What to work on:
Output the listing exactly as written, apart from its pictures.

Recorded information:
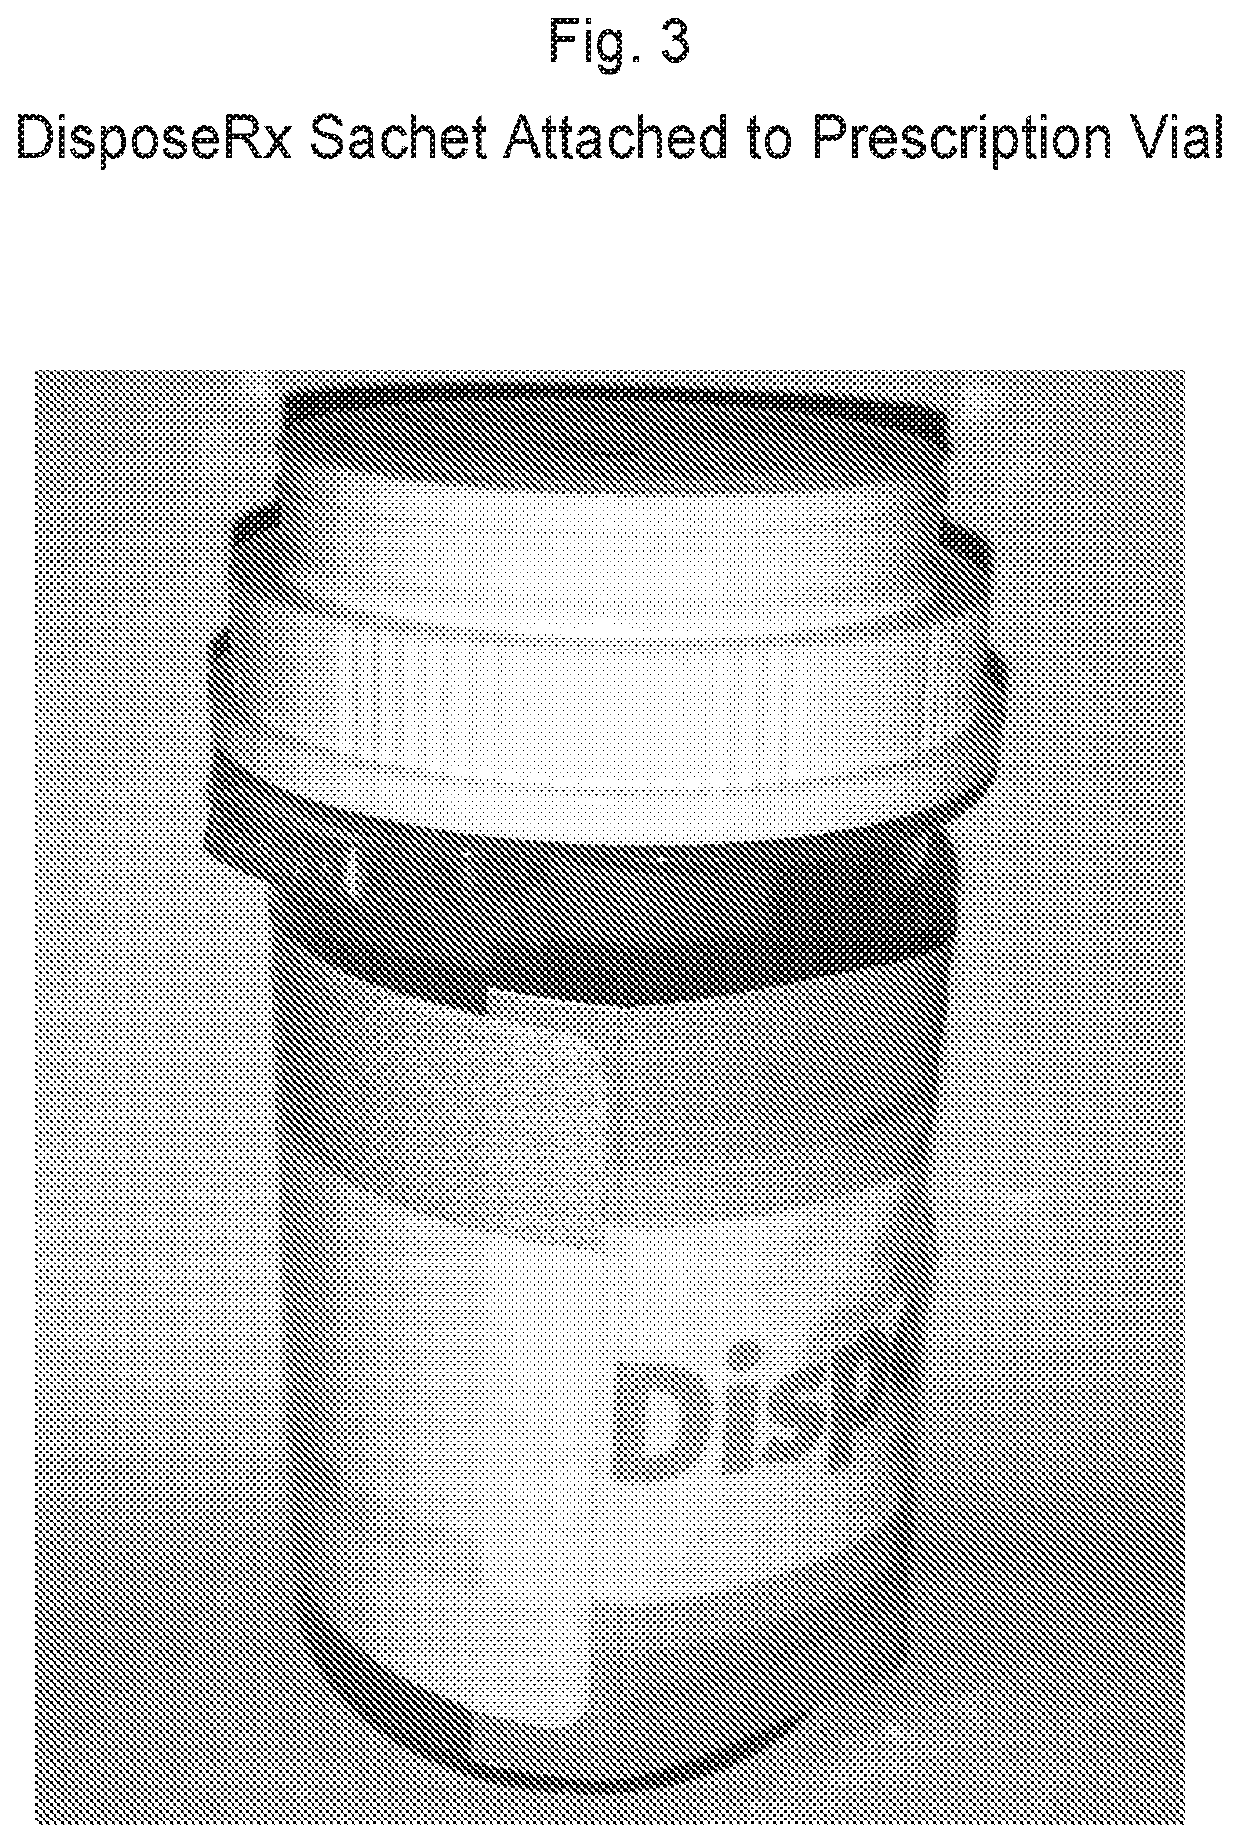 Disposal of medicaments
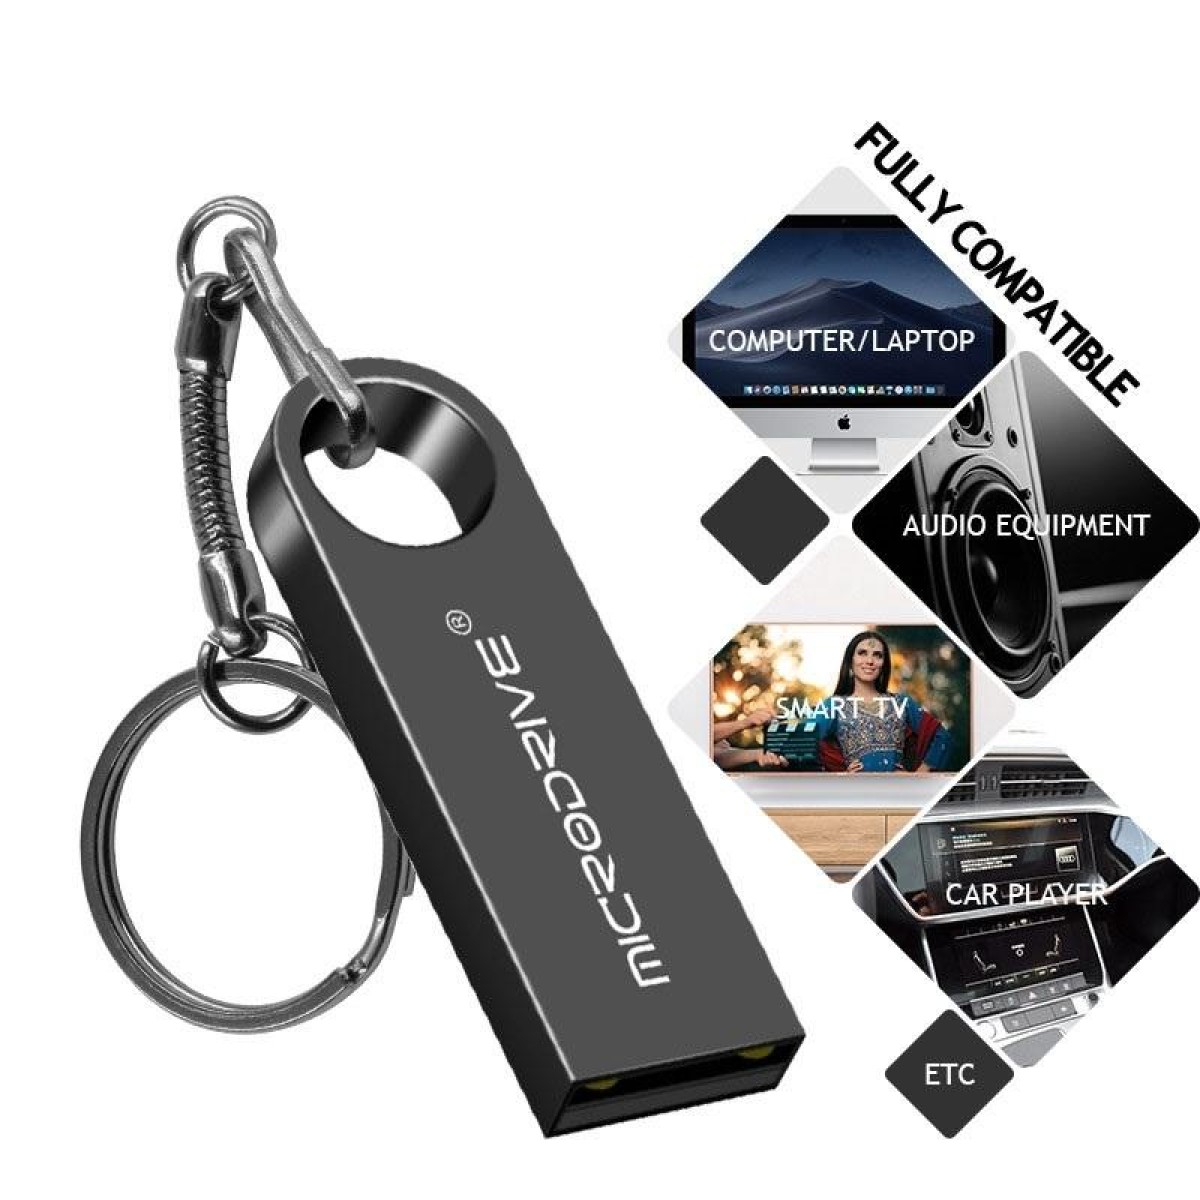 MicroDrive 16GB USB 2.0 Metal Waterproof High Speed U Disk(Black)
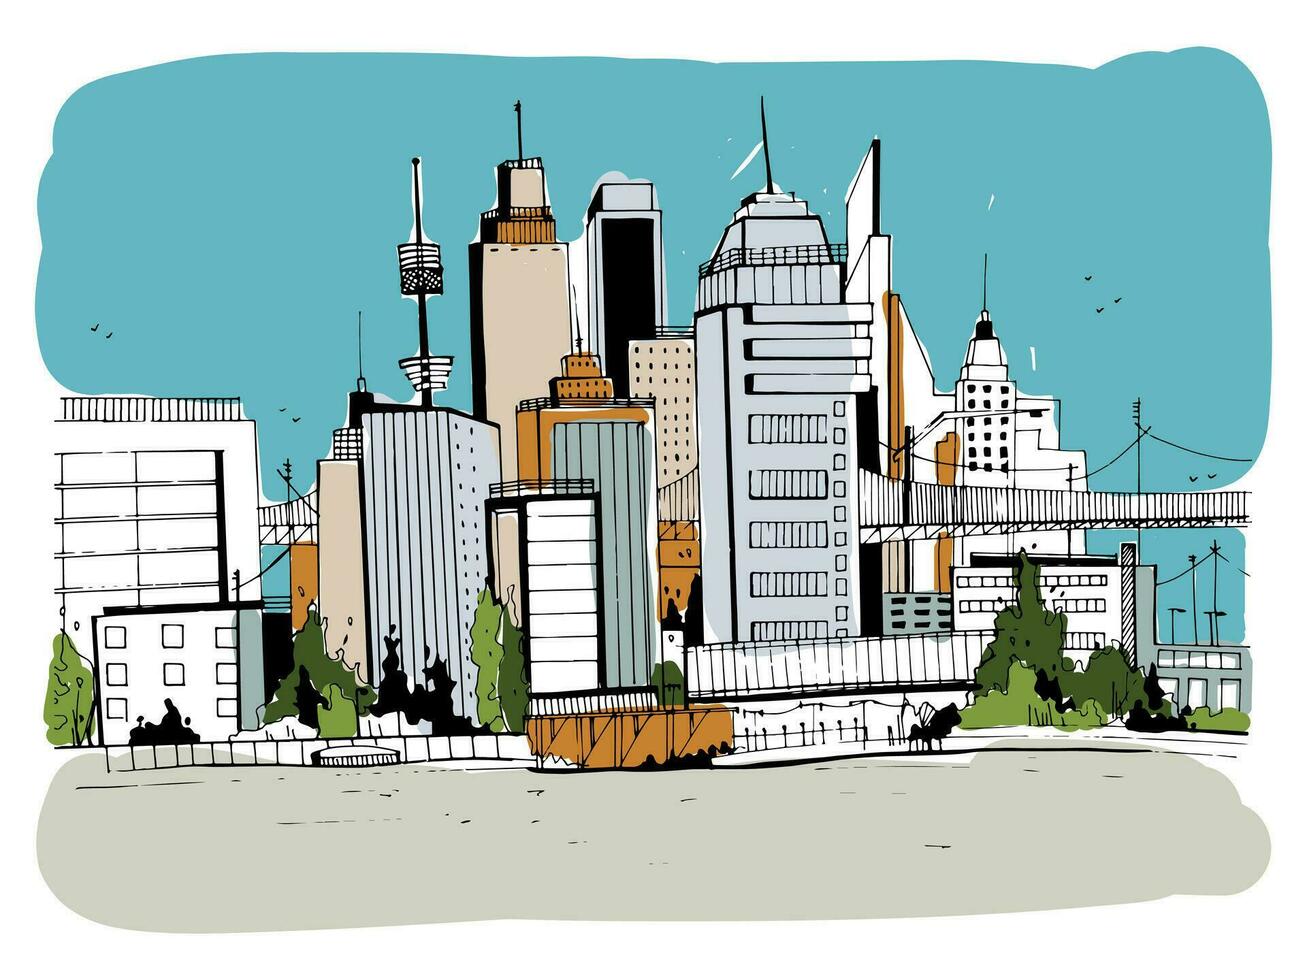 megalopolis stad, straat illustratie. hand- getrokken kleurrijk schetsen landschap met gebouwen, stadsgezicht, kantoor in schets stijl. retro ansichtkaart ontwerp. vector

Task result:
 Disposal of medicaments
 MicroDrive 16GB USB 2.0 Metal Waterproof High Speed U Disk(Black)
 megalopolis stad, straat illustratie. hand- getrokken kleurrijk schetsen landschap met gebouwen, stadsgezicht, kantoor in schets stijl. retro ansichtkaart ontwerp. vector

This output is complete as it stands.